In the original drawing, the dress looks as if it’s cut in one long piece, without a gathered waist. That means the skirt would be created on a curve. See the drawing below left. That method would required advance math to make the patchwork appear proportional. This meant piecing squares that were slightly differently shaped so they would appear square when cut on a curve. I didn’t use that method. I made straight panels and gathered them into the waist of the skirt.

Dress cutting method






The smaller triangles are 4” high x 5” at the base. The larger triangles are 8 ½” high x 7” at the base. The patterns for the triangles were cut from cardboard.

Triangle Patterns









The squares are 2 ½ x 2 ½”. The squares were strip-pieced. (That’s a quilting method. Google it. There’s lots of good tutorials on Youtube about strip-piecing.) Basically, making this dress was like making a quilt.
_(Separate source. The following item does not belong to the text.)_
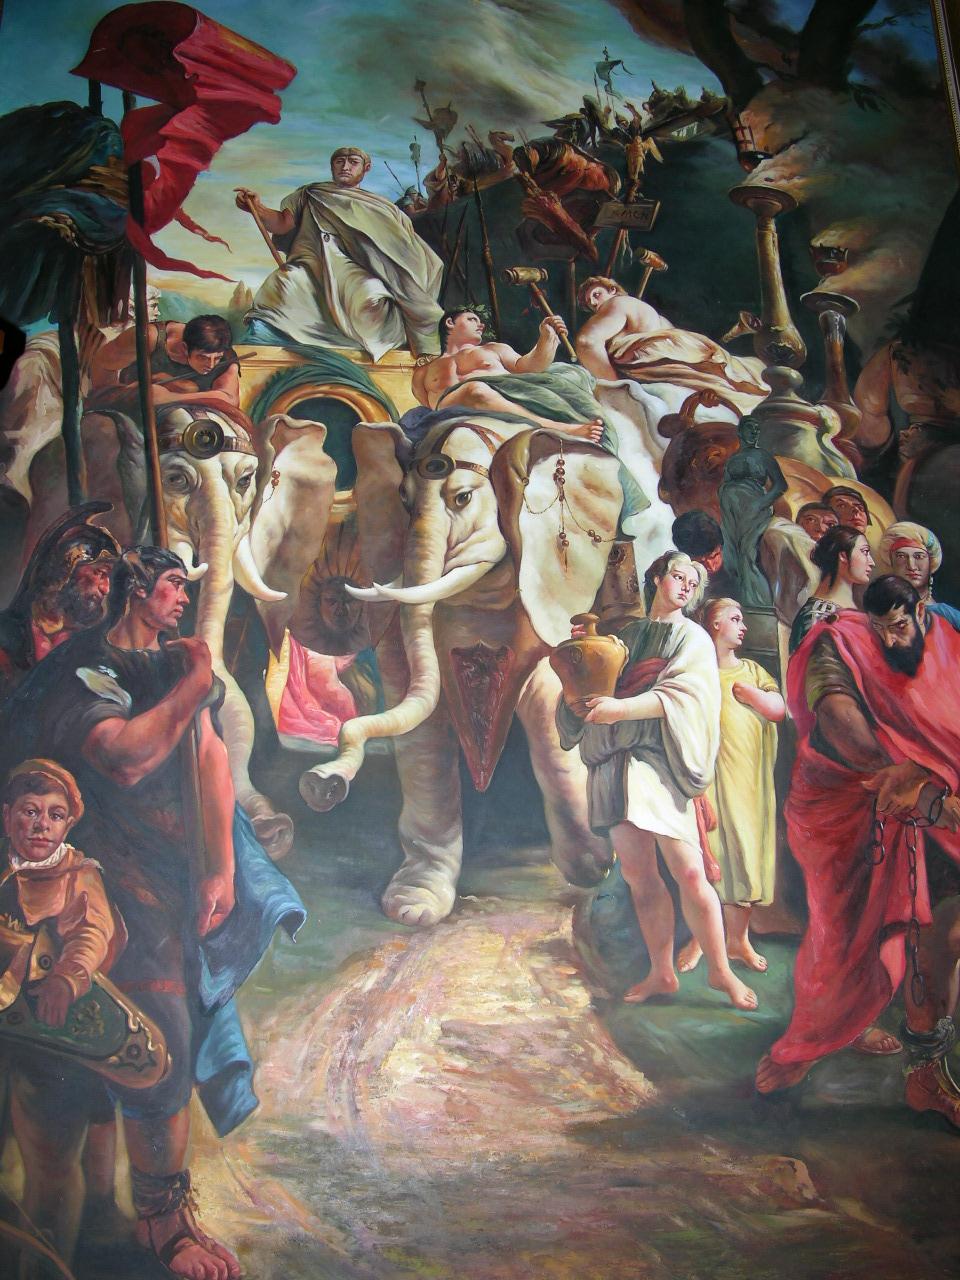 A Monumental Painting Of Hannibal Barca Circa 247 183 Bc

The photo below is a quick reference for strip piecing.


Strip Piecing








Unused section of checky row







I used linen because I wanted the dress to be light enough to wear on the archery field. Ha. The linen frayed so much that I had to line the dress to protect the seams. I didn’t use my serger because I thought that the seams might become too bulky to press flat, giving the dress a lumpy appearance.

Checky fabric pieced by me
Checky fabric pieced by me
Bodice cut from checky fabric

Bodice cut from checky fabric


These are the pieces of the bodice waiting to be sewn together. It became clear very quickly that I would have to flatline the entire bodice to keep the piecework from stretching out of shape. In the photo below, the pieces have already been flatlined in red linen. As with a lot of pretty dresses, the outer layer is not structural.

Freydal Dress in Progress

Bodice with Sleeves

Here’s the bodice sewn together. Yep, the elbow puffs are fake. Marion McNealy, German costume researcher extraordinaire, told me that fake puffery was period. I haven’t done the research myself, but I will take her word for it. (Remember the no research disclaimer above? It’s still in effect.)
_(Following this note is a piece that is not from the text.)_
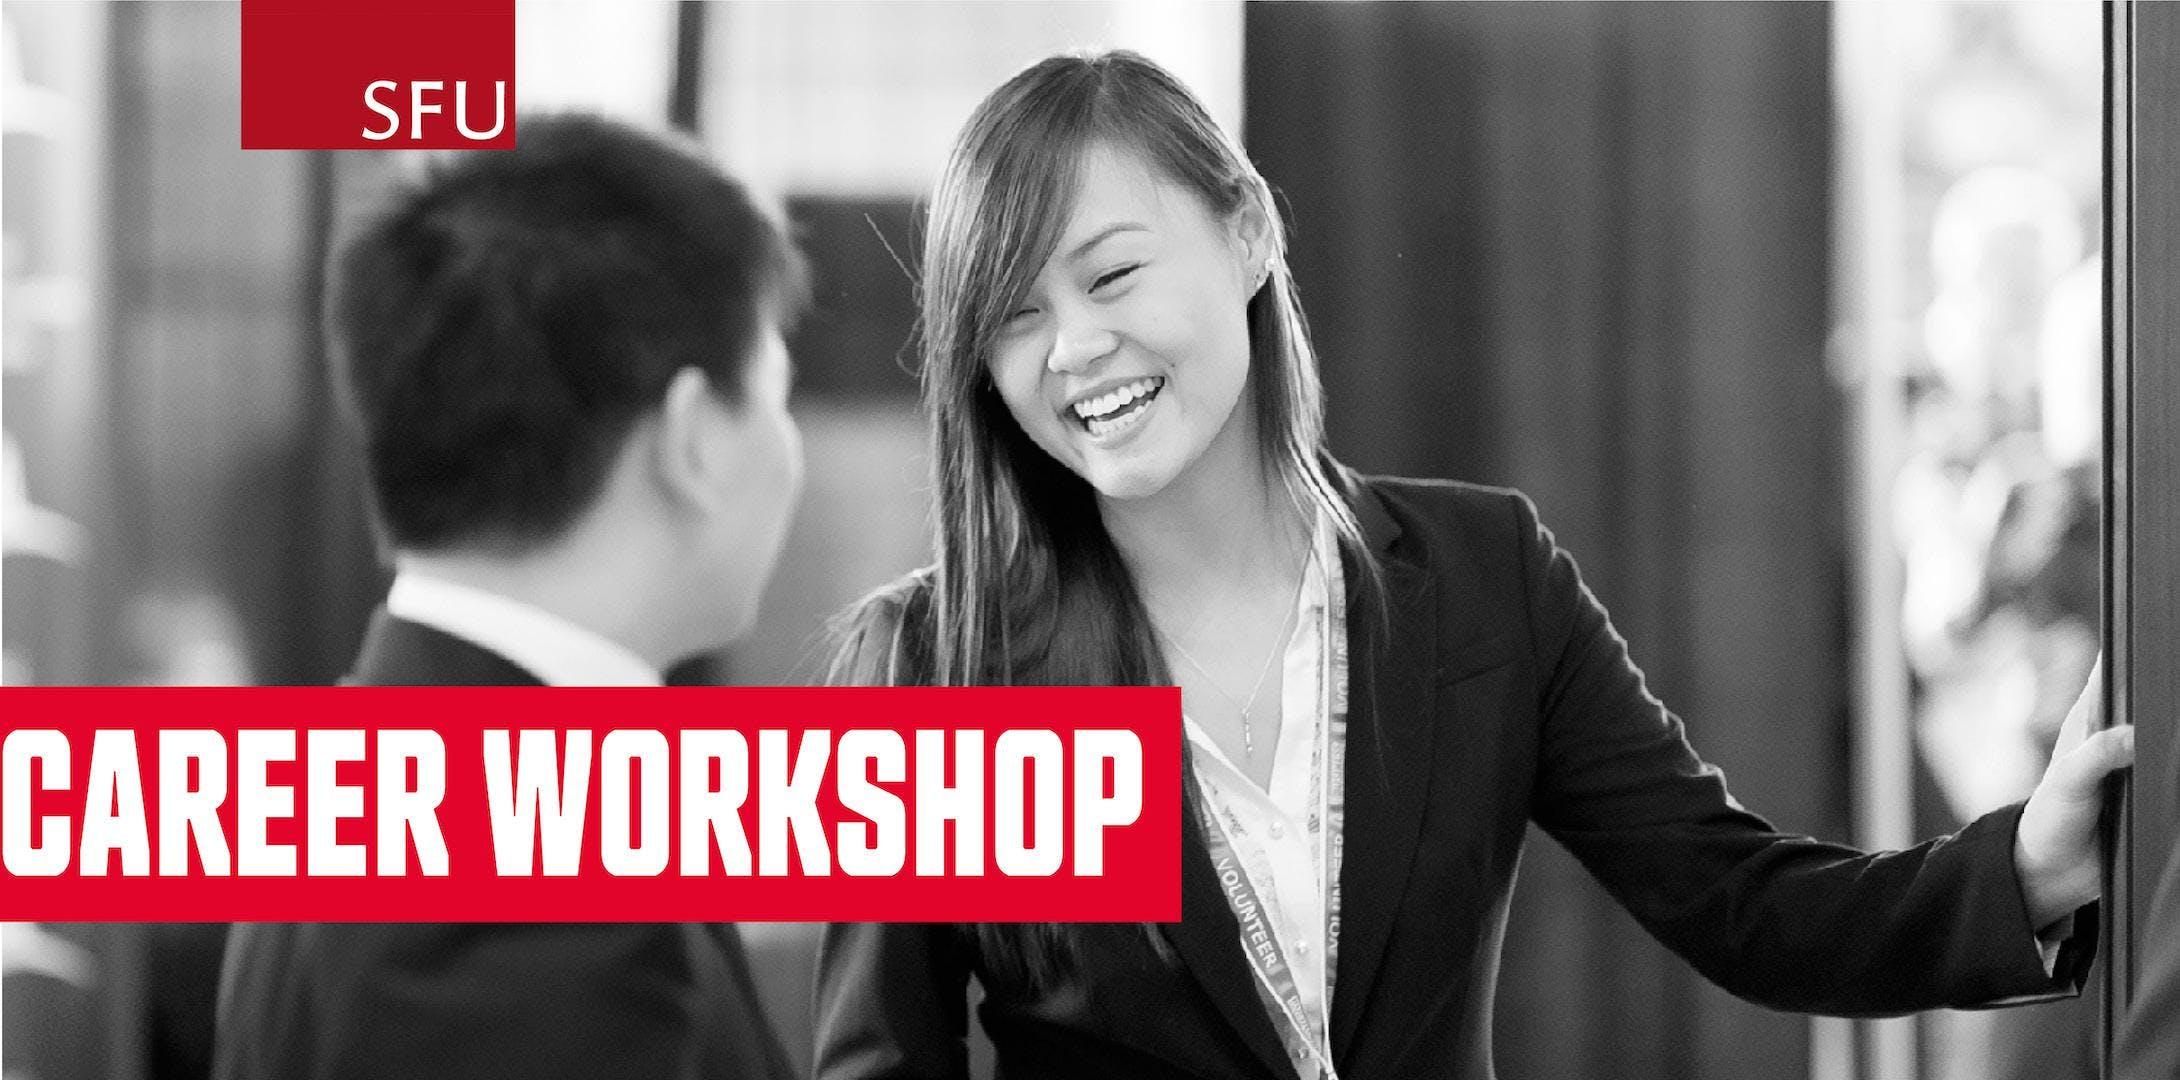 Career Workshop Networking Skills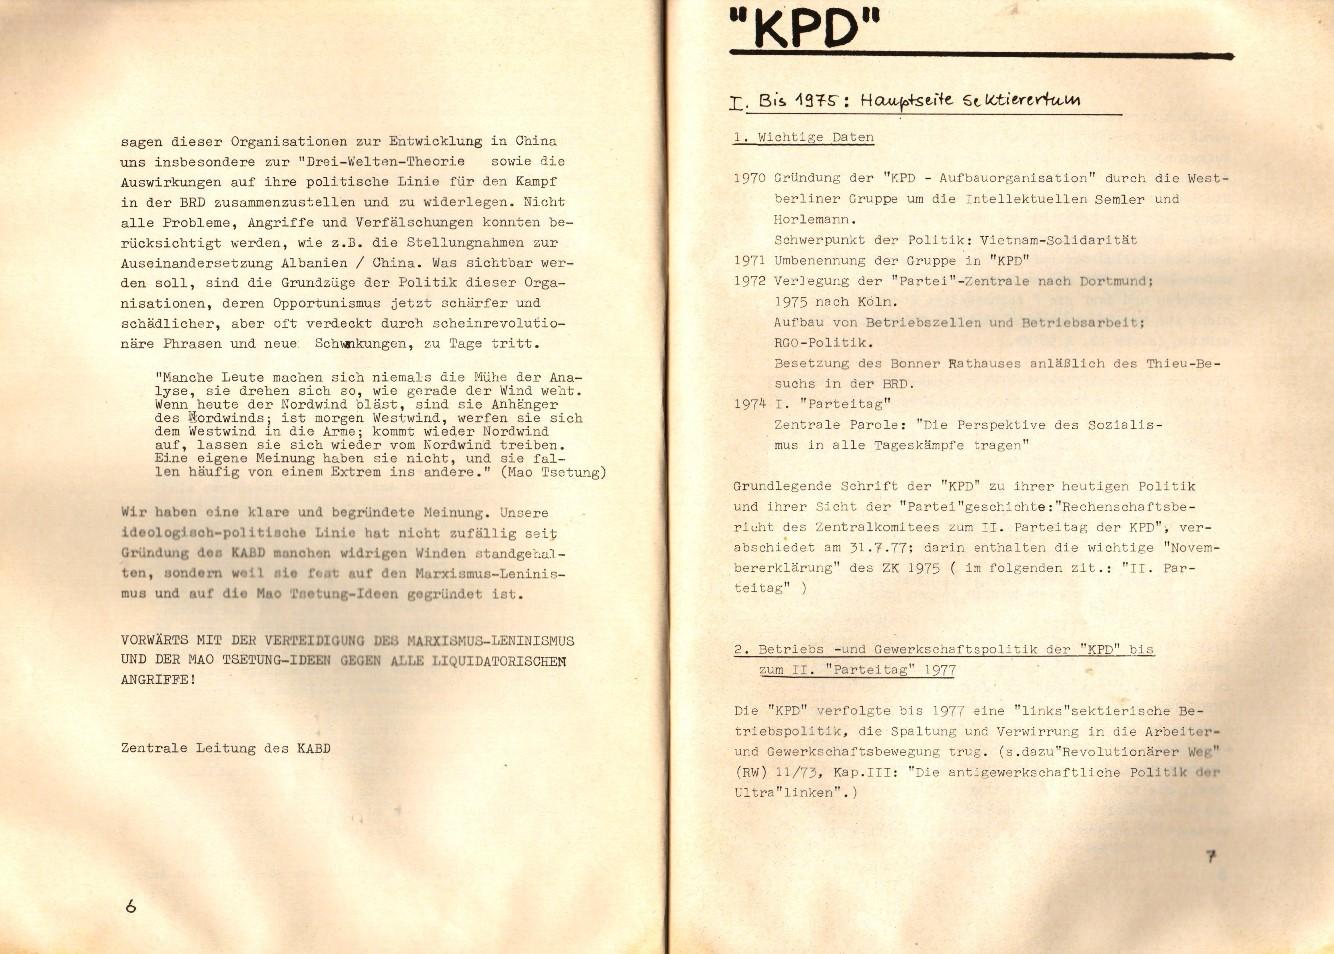 KABD_1978_Argumentationshilfen_05

The skirt is essentially rows of checky, triangles, and straight lines sewn together. (Each of those rows of checky took two days to complete.) The skirt is gathered into the waist. You can’t pleat it, right? Because pleats would make the pattern appear wonky when you wear the dress.

I don’t particularly care for the look of a gathered waist but it was necessary to keep the look of the pattern intact.

For those of you still awake enough to keep reading, the next challenge became the closure. At this point in the project, I realized that I hadn’t done the math correctly and making this dress with a center closure while still maintaining the checky pattern across the bust line was going to be impossible. Um, right. Three semesters of Calculus is apparently not enough math to conquer a checky bodice.

I unstitched the flatlining, sewed the bodice center front together, and restitched the flatlining. Then, I opened the bodice on the side. Note that I *never* use hook and eye tape, but my sewing room was so messy that I couldn’t find my black hook and eyes. So, this is my secret shame. I will remove the hook & eye tape and add the proper hooks and eyes later.

Side opening

Side opening



After the dress was completed, it was clear that the entire outfit needed to be lined. This is going to be a dryclean-only dress. I have long-since given up hope that I can wear this in the summer. It’s far too hot. I wore this to an event in October and I was too warm.





Dress lining


Yeah, I know. I could get two dresses for one if I had done the lining like the outside of a dress. But, this was a learning experience. I’ll know better next time…if there is a next time. Note that you can see how the pattern of the dress collapses if you don’t have the right “floof” at the waist, as I do in the photos where I have hips and I’m wearing an under dress.


However, my one bit of advice to anyone who is foolish enough to try this project is to make the dress in wool. Linen was a horrible idea. It frays too much and it doesn’t hold its shape. Here’s the neckline at the beginning of the day and the neckline at the end of the day.


Early in the day. Nice & snug.



Slipping off my shoulders at the end of the day

This dress is a winter dress. Make it in wool. And if you manage to piece one of the buggers together on a curve, let me know. I want to see it!